▶ _WHAT IS BEING ASKED_: Give again, word for word, the line holding "2512-46015 Geoperformance Drilled/Slotted" and every line after it through the end of the data below. Omit pictures.

▶ _SOURCE MATERIAL_:

────────

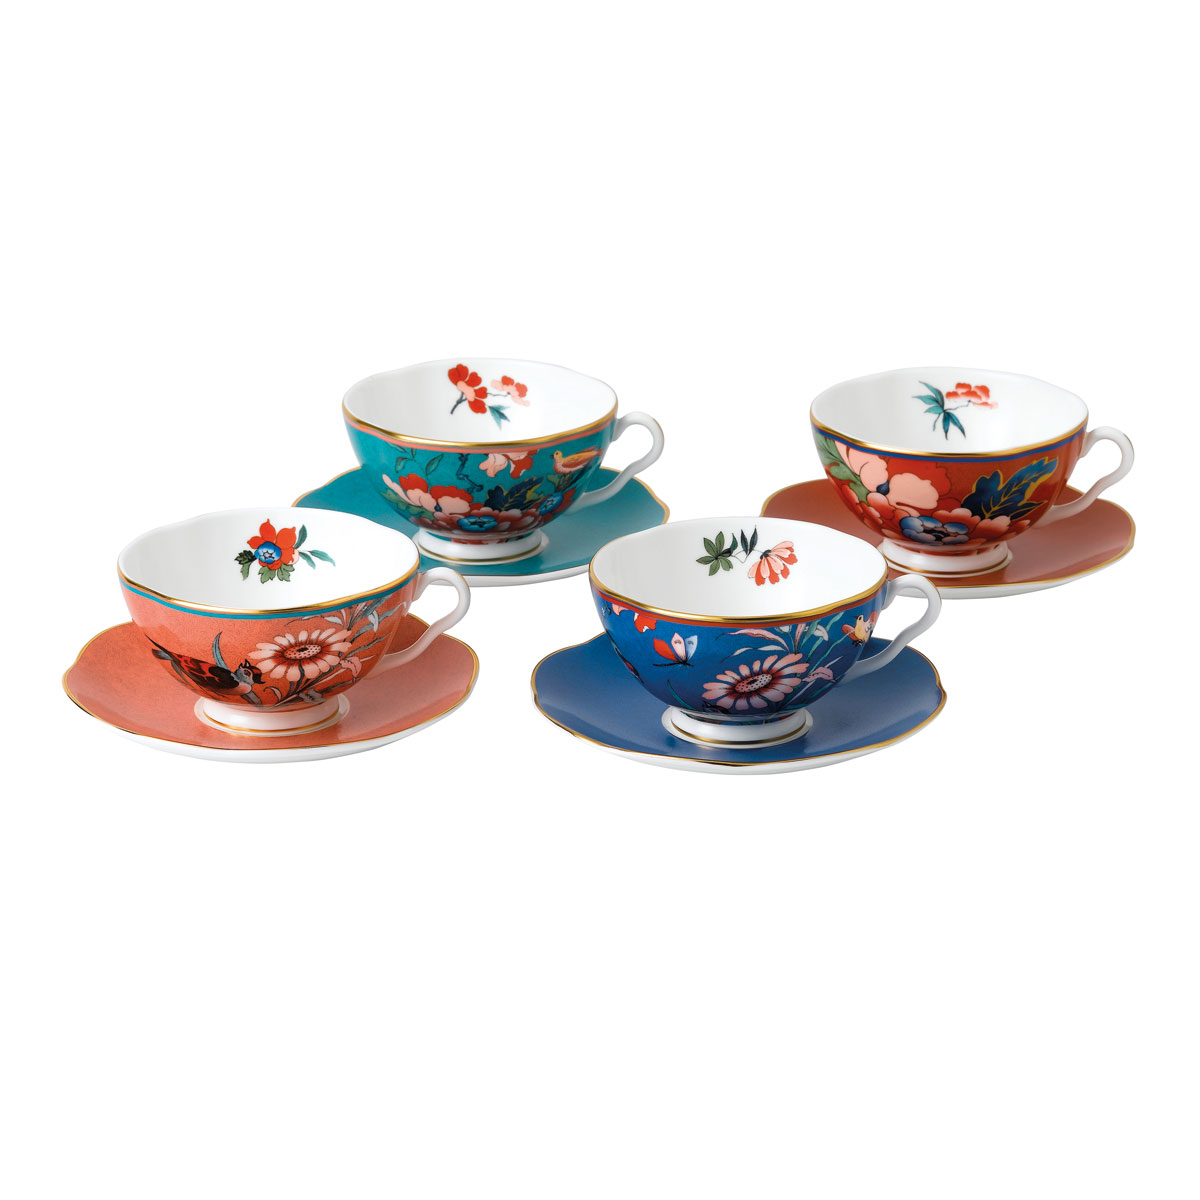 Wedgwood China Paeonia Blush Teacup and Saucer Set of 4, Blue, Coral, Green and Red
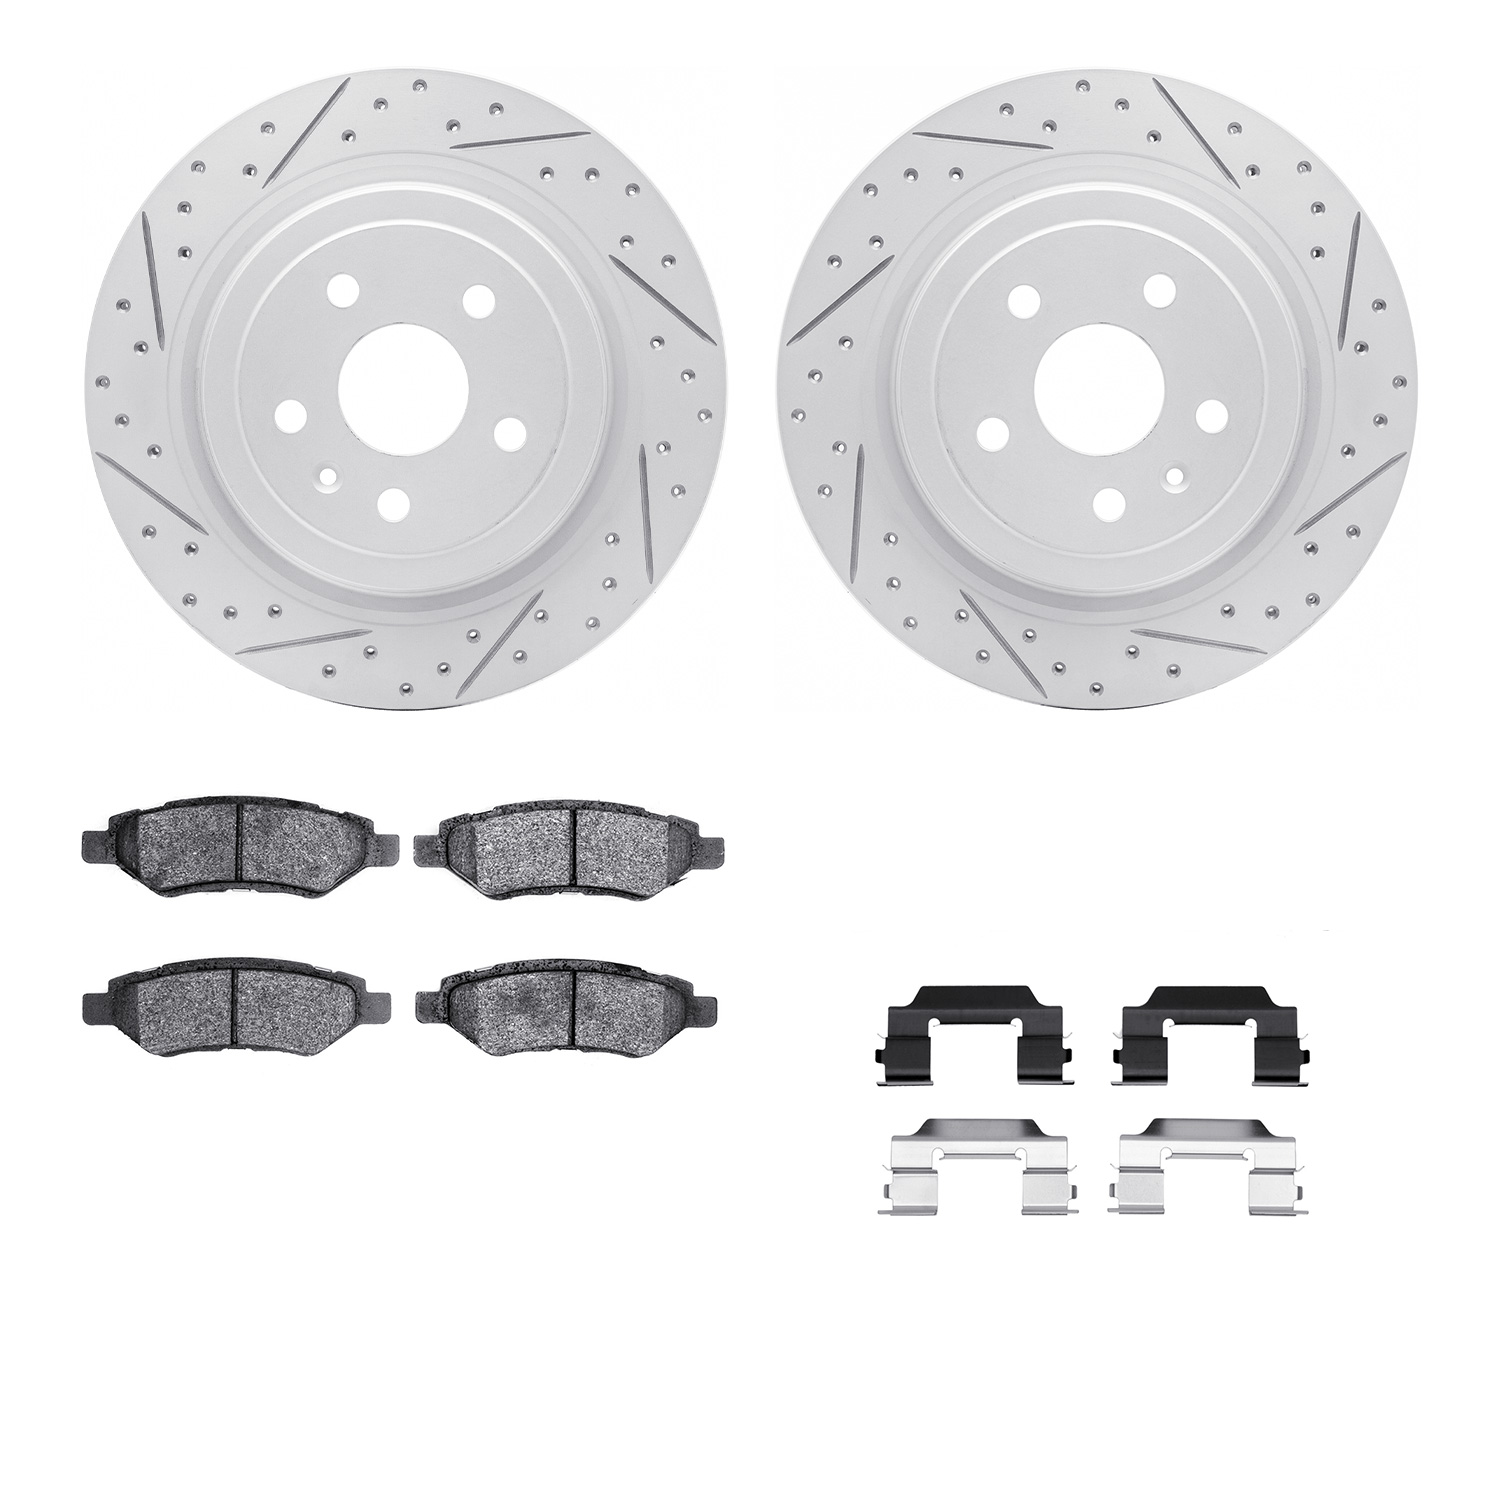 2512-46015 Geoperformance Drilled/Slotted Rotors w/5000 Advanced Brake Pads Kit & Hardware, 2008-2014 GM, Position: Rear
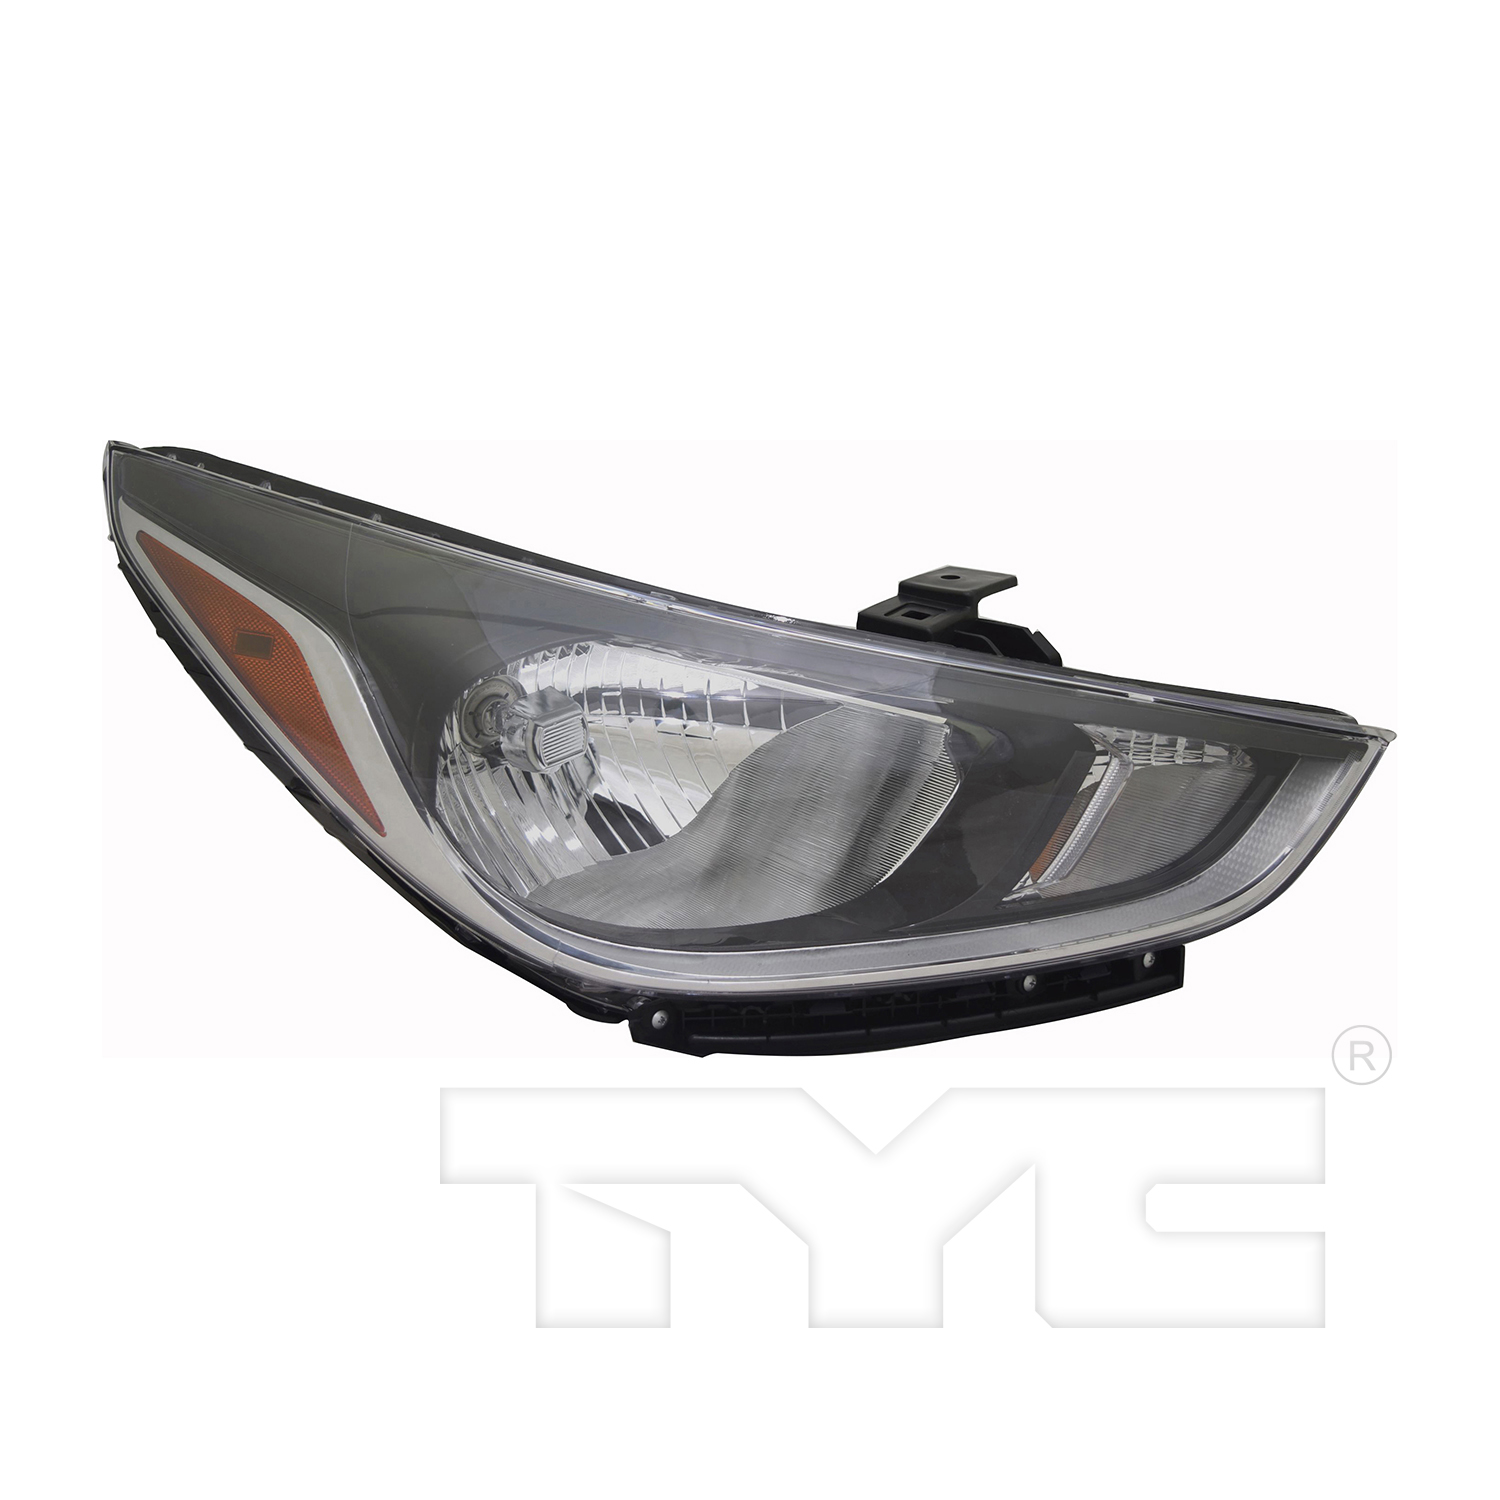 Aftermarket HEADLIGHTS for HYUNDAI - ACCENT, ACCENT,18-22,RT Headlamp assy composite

────────

▶ _TASK ANSWER_:
 2512-46015 Geoperformance Drilled/Slotted Rotors w/5000 Advanced Brake Pads Kit & Hardware, 2008-2014 GM, Position: Rear
 Aftermarket HEADLIGHTS for HYUNDAI - ACCENT, ACCENT,18-22,RT Headlamp assy composite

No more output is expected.